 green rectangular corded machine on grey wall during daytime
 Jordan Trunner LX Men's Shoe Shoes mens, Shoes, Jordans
☆ ☆ ☆ ☆
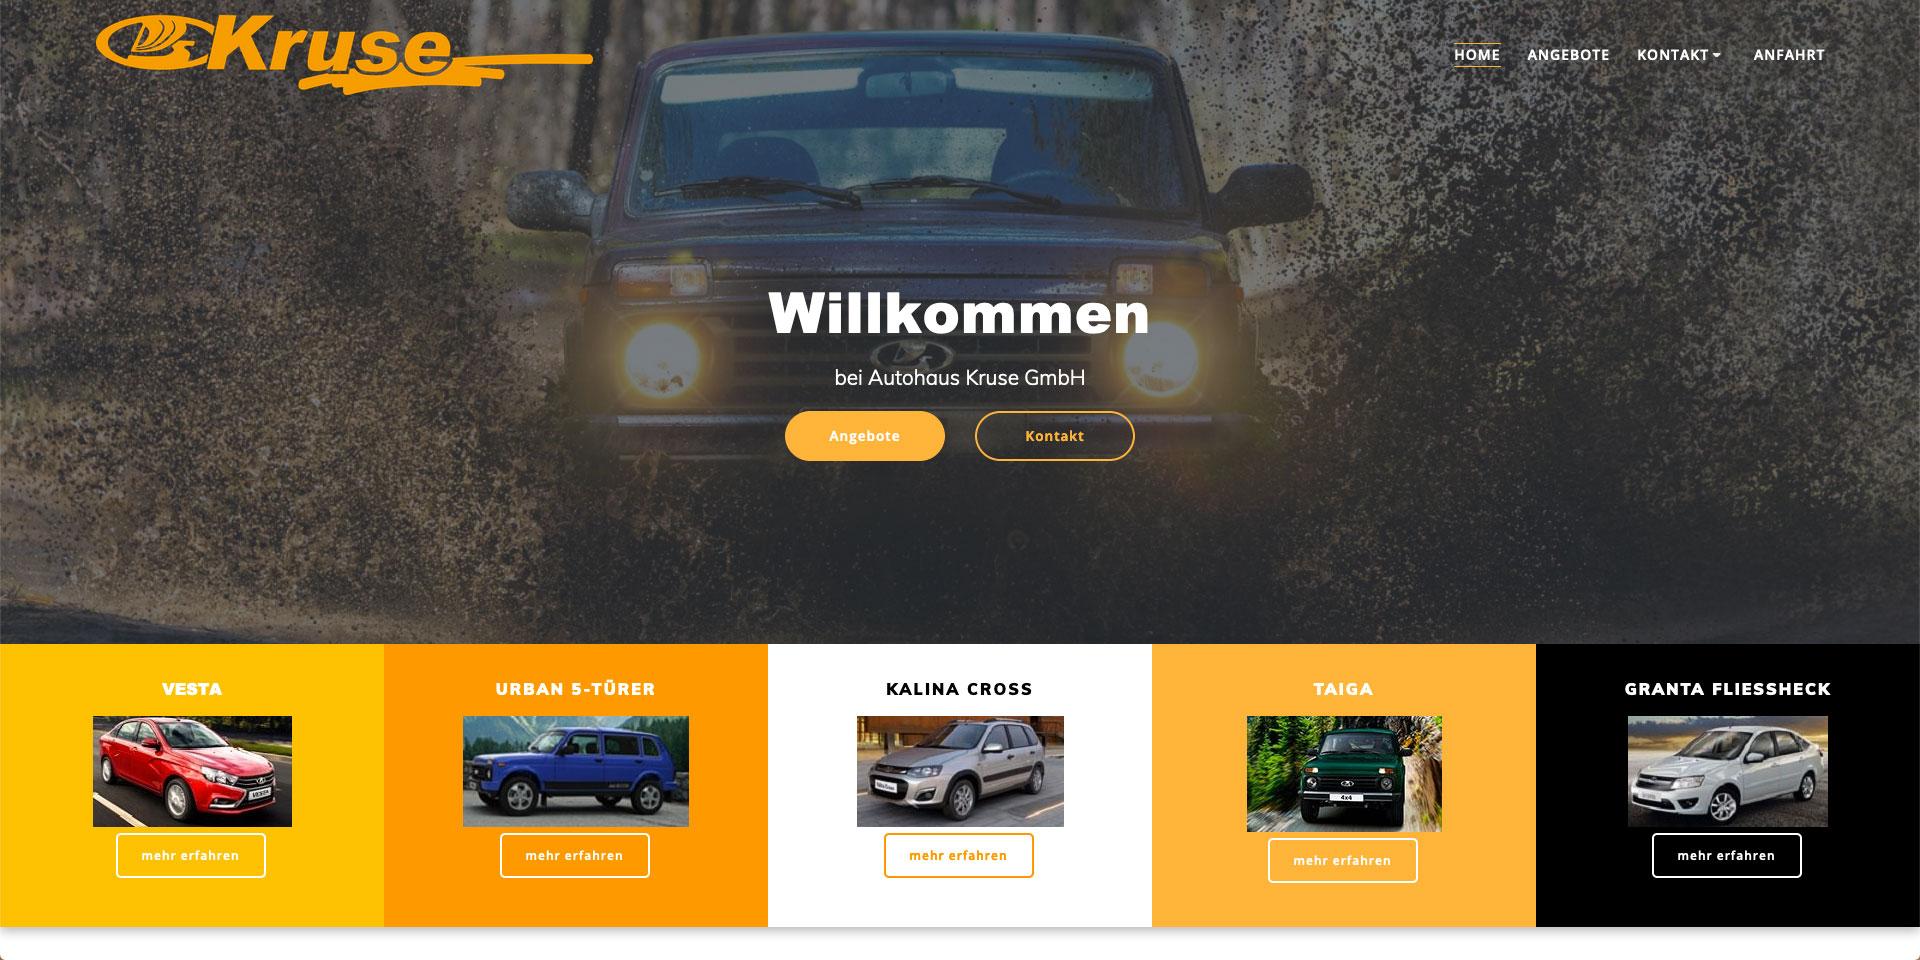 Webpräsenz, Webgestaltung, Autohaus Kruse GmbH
☆ ☆ ☆ ☆
● Task prompt:
Write out only the lines that run from the line containing "green rectangular corded" through the line containing "Jordan Trunner LX", both included, exactly as they appear above.

● Problem solution:
 green rectangular corded machine on grey wall during daytime
 Jordan Trunner LX Men's Shoe Shoes mens, Shoes, Jordans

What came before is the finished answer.